C'est à Londres que François René de Chateaubriand apprend la mort de Jean Baptiste Auguste de Chateaubriand, son frère, d'Aline Thérèse Le Peletier de Rosanbo, sa belle-sœur, de Louis Le Peletier de Rosanbo, ex-président à mortier, père de Thérèse Aline, de Marguerite Thérèse de Lamoignon de Malesherbes, fille de Chrétien Guillaume de Lamoignon de Malesherbes, épouse de Louis Le Peletier de Rosanbo et mère de Thérèse Aline, tous guillotinés le 22 avril 1794.

François René de Chateaubriand entreprend alors la rédaction de son premier livre, L’Essai historique, politique et moral, sur les révolutions anciennes et modernes, considérées dans leurs rapports avec la révolution françoise. Publié à Londres le 18 mars 1797 et « dédié à tous les partis », l'ouvrage passe d'abord inaperçu. Il ne connaîtra un début de fortune critique qu'à partir de 1826, date à laquelle Chateaubriand, devenu entre temps célèbre, en publiera chez l'éditeur Ladvocat une nouvelle version annotée, d'où éclairée par le temps qui a passé.

Dans son Essai historique, politique et moral, sur les révolutions anciennes et modernes, considérées dans leurs rapports avec la révolution françoise, Chateaubriand évoque, entre autres, la chute de Robespierre à la lumière de celle du général athénien Théramène, vainqueur de la flotte spartiate en 410 av. J.-C. à Cyzique, instigateur en 411 av. J.-C de la prise du pouvoir par les Trente Tyrans, négociateur en 404 av. J.-C de la reddition d’Athènes à la puissance spartiate, traître à la patrie ou conservateur modéré qui craint les dérives de son propre camp ? en tout cas condamné en 404 av. J.-C par son rival Critias à boire la ciguë. En Théramène, Chateaubriand voit une préfiguration de Robespierre, et en Critias, une préfiguration de Marat : « Ce Despote avait tous les vices de ceux qui désolèrent si longtemps la France. Athée par principe, sanguinaire par plaisir, tyran par inclination, Critias renioit, comme Marat, les dieux et les hommes. [...]. Critias disoit, comme Marat, qu’il falloit à tout hasard faire tomber les principales têtes de la ville. Théramènes, avec plus de talens, avoit aussi plus de souplesse. » (7)

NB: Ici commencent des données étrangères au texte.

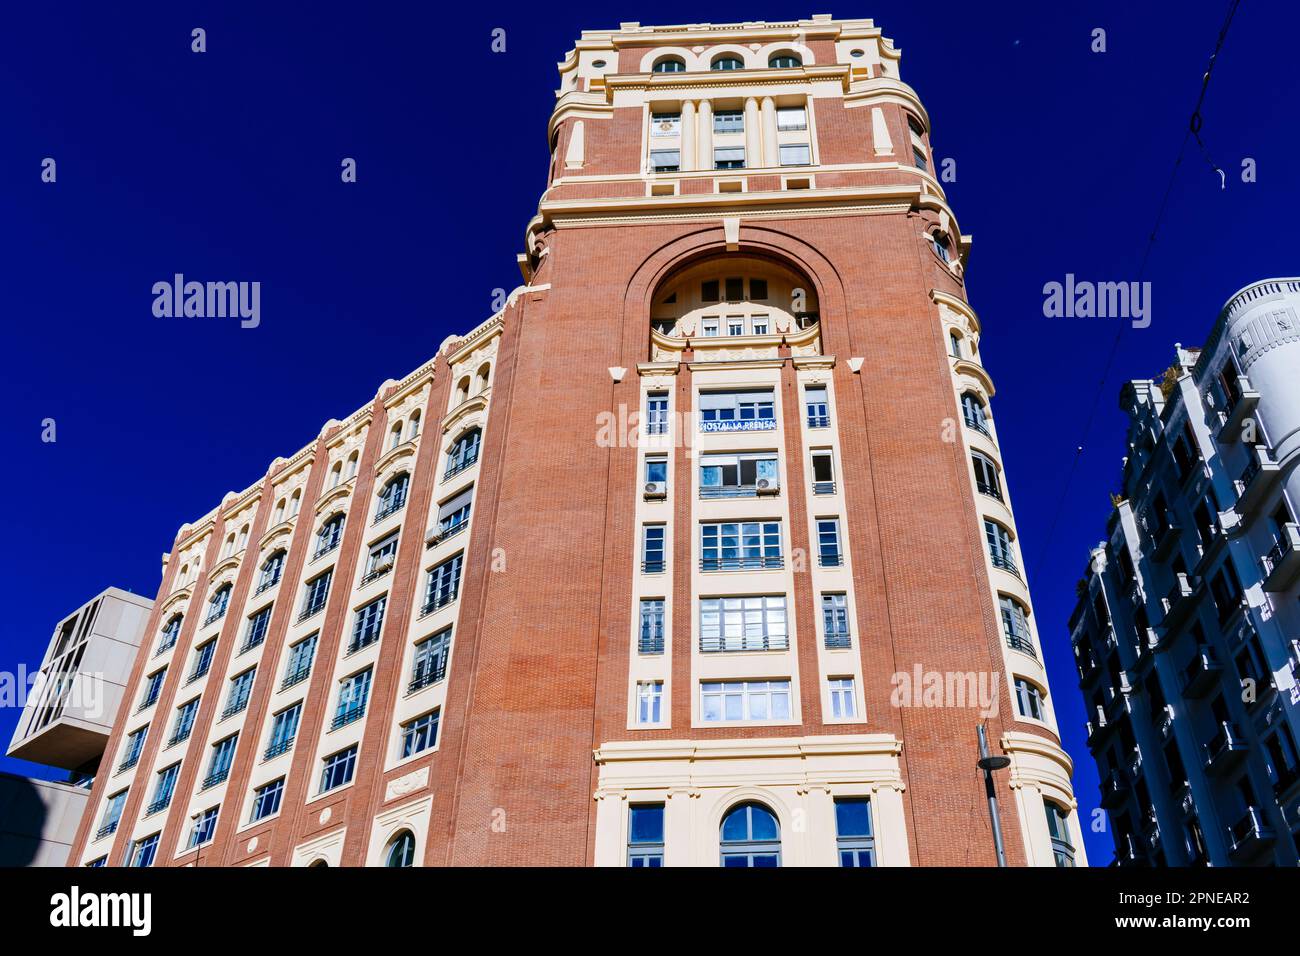 Le Palacio de la Prensa est un bâtiment en briques situé à Madrid. Il est situé dans la Gran Vía, en face de la place Callao. Commandé par la presse de Madrid Banque D'Images

Accusation de Théramènes, son Discours & celui de Critias. Accusation de Robespierre. Extrait du chapitre V de l'Essai historique, politique et moral, sur les révolutions anciennes et modernes, considérées dans leurs rapports avec la révolution françoise.

« Une des époques les plus mémorables de notre révolution est sans doute celle de la chute de Robespierre. Ce tyran, auquel il ne restoit plus qu'un degré à franchir pour s'asseoir sur le trône, résolut d'abattre la tête du modéré Tallien, de même que Critias s'étoit défait de Théramènes. Il reparut à la Convention après une longue absence. On auroit dit que le froid de la tombe colloit déjà la langue du misérable à son palais ; obscur, embarrassé, confus, il sembla parler du fond d'un sépulchre. Une autre circonstance non moins remarquable, c'est que son discours dont on avait ordonné l'impression par la plus indigne des flatteries, n'étoit pas encore sorti de la presse, que déjà l'homme tout puissant qui l'avoit prononcé avoit péri du dernier supplice. Ô Altitudo (8) !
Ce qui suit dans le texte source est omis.